PROVIDED DATA
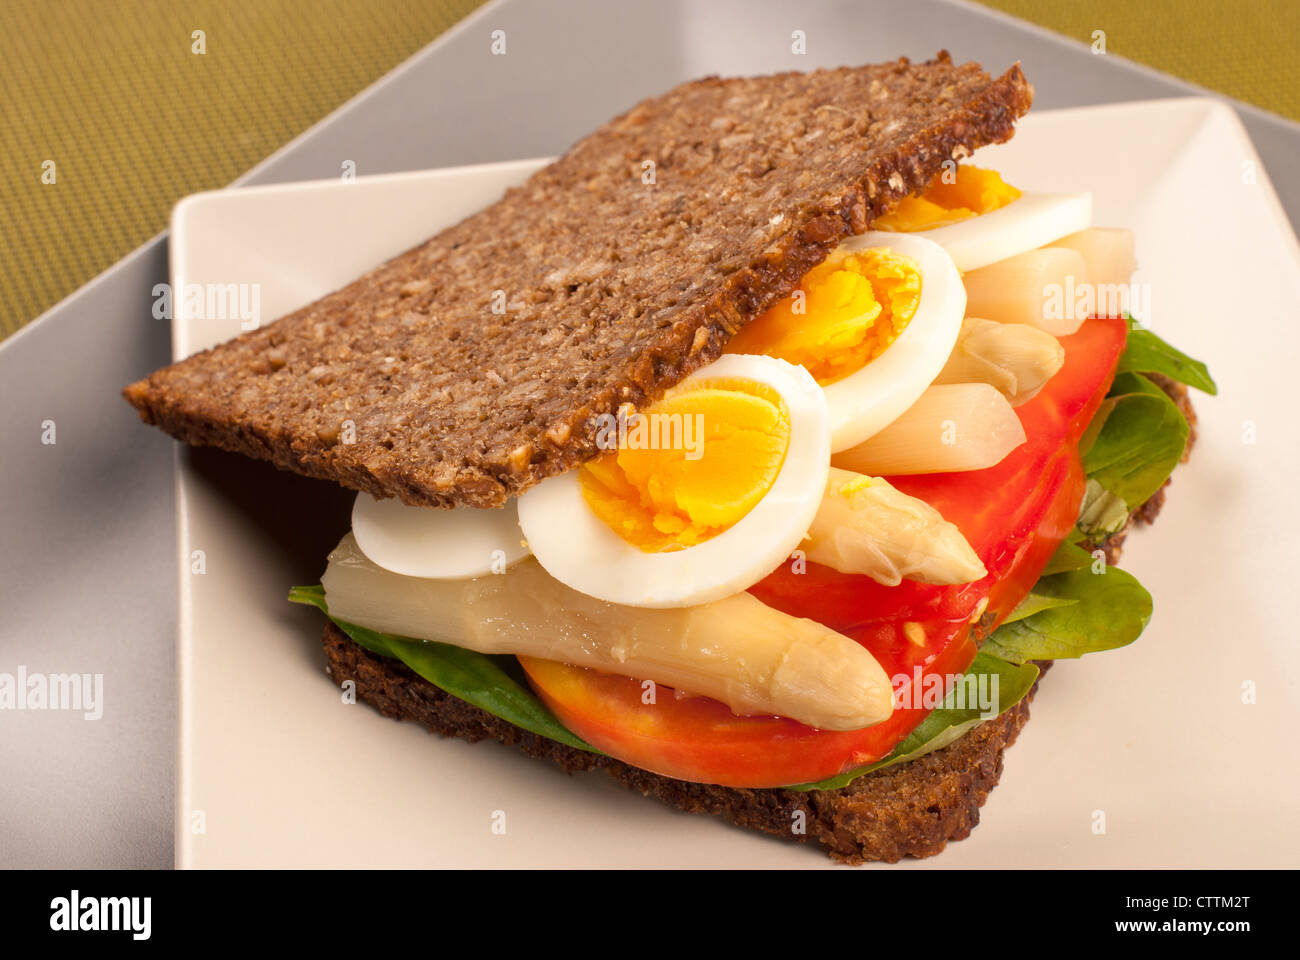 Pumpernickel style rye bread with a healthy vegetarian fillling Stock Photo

...

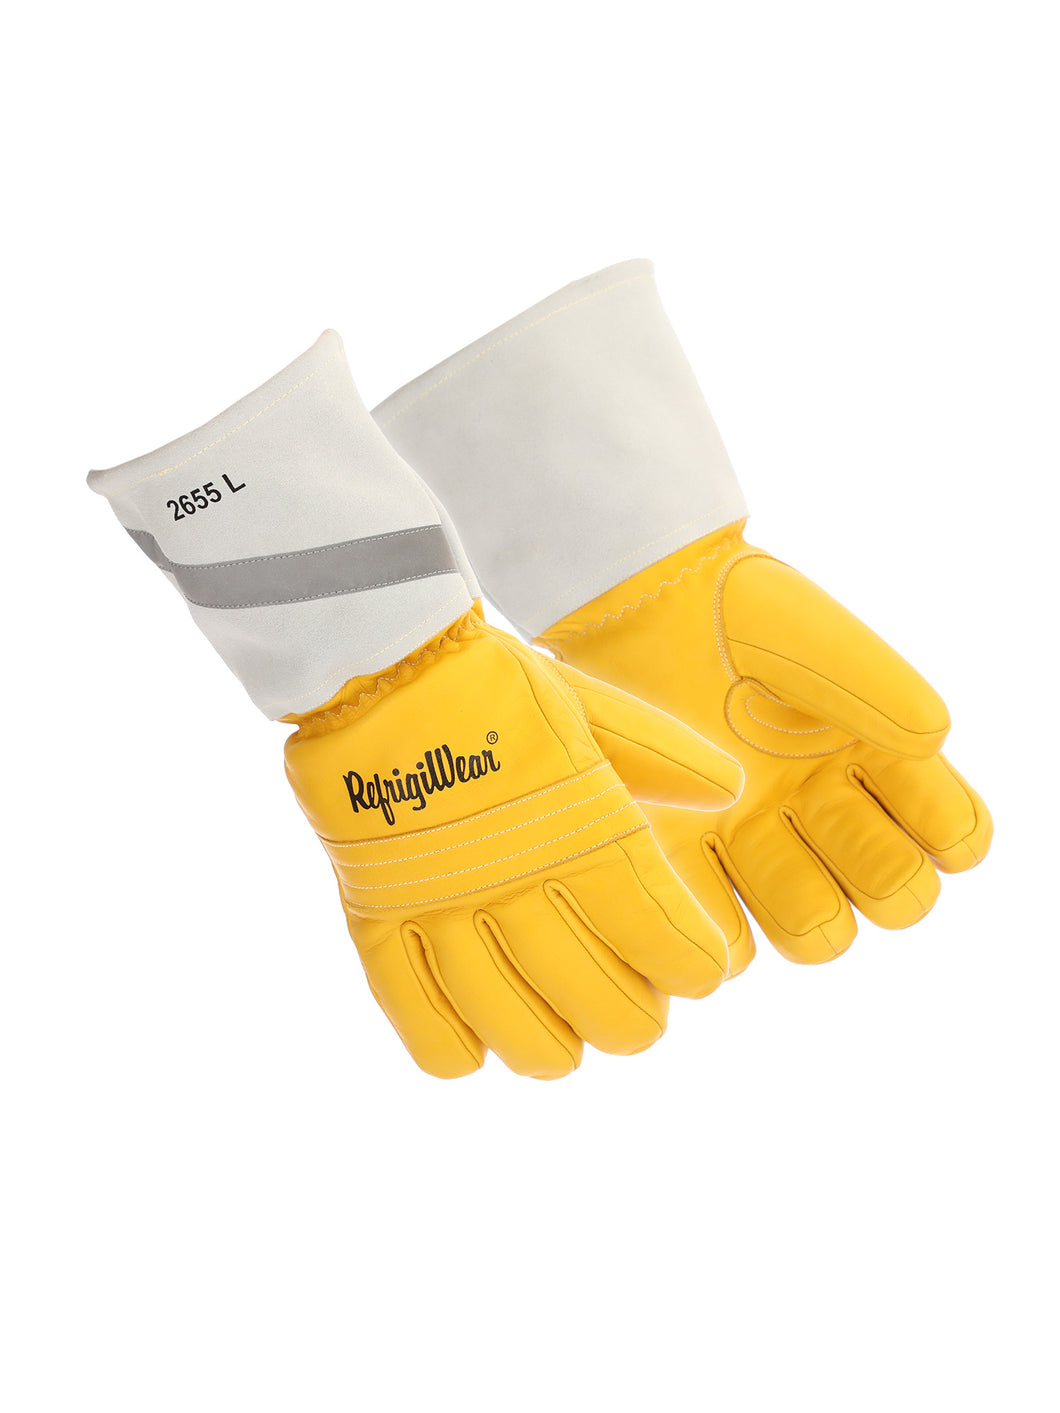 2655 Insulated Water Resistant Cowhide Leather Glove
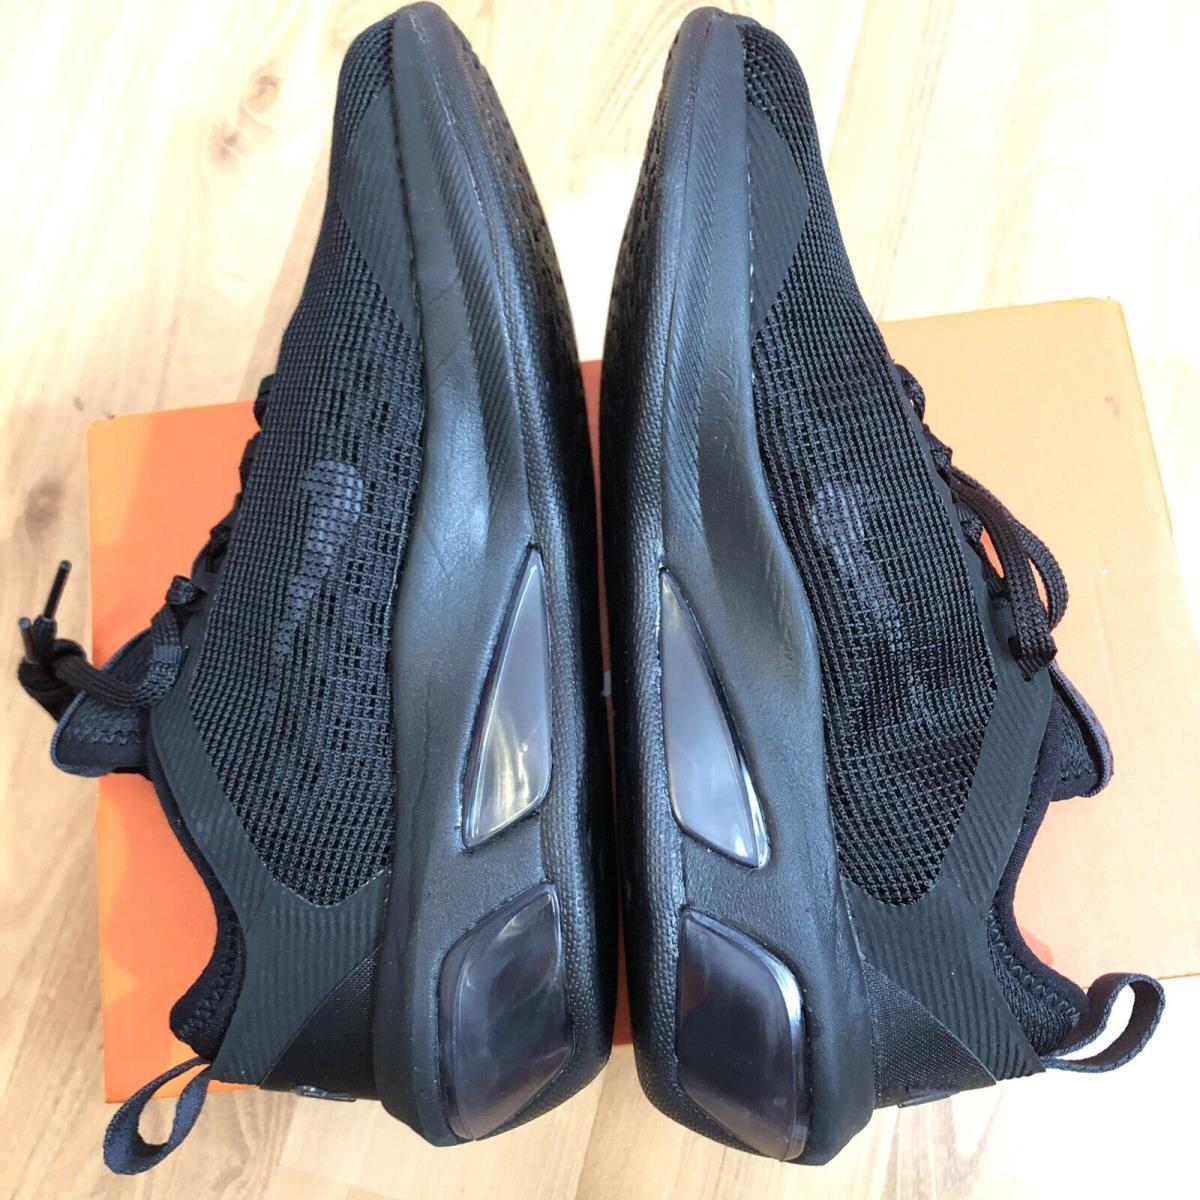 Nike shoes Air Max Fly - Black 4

THE TASK
Range to print from the listing above: from the line with "2655 Insulated Water" up to and including the line with "Nike shoes Air Max Fly - Black 4". Please print those lines exactly, with no pictures and nothing more.

FINISHED EXERCISE
 2655 Insulated Water Resistant Cowhide Leather Glove
 Nike shoes Air Max Fly - Black 4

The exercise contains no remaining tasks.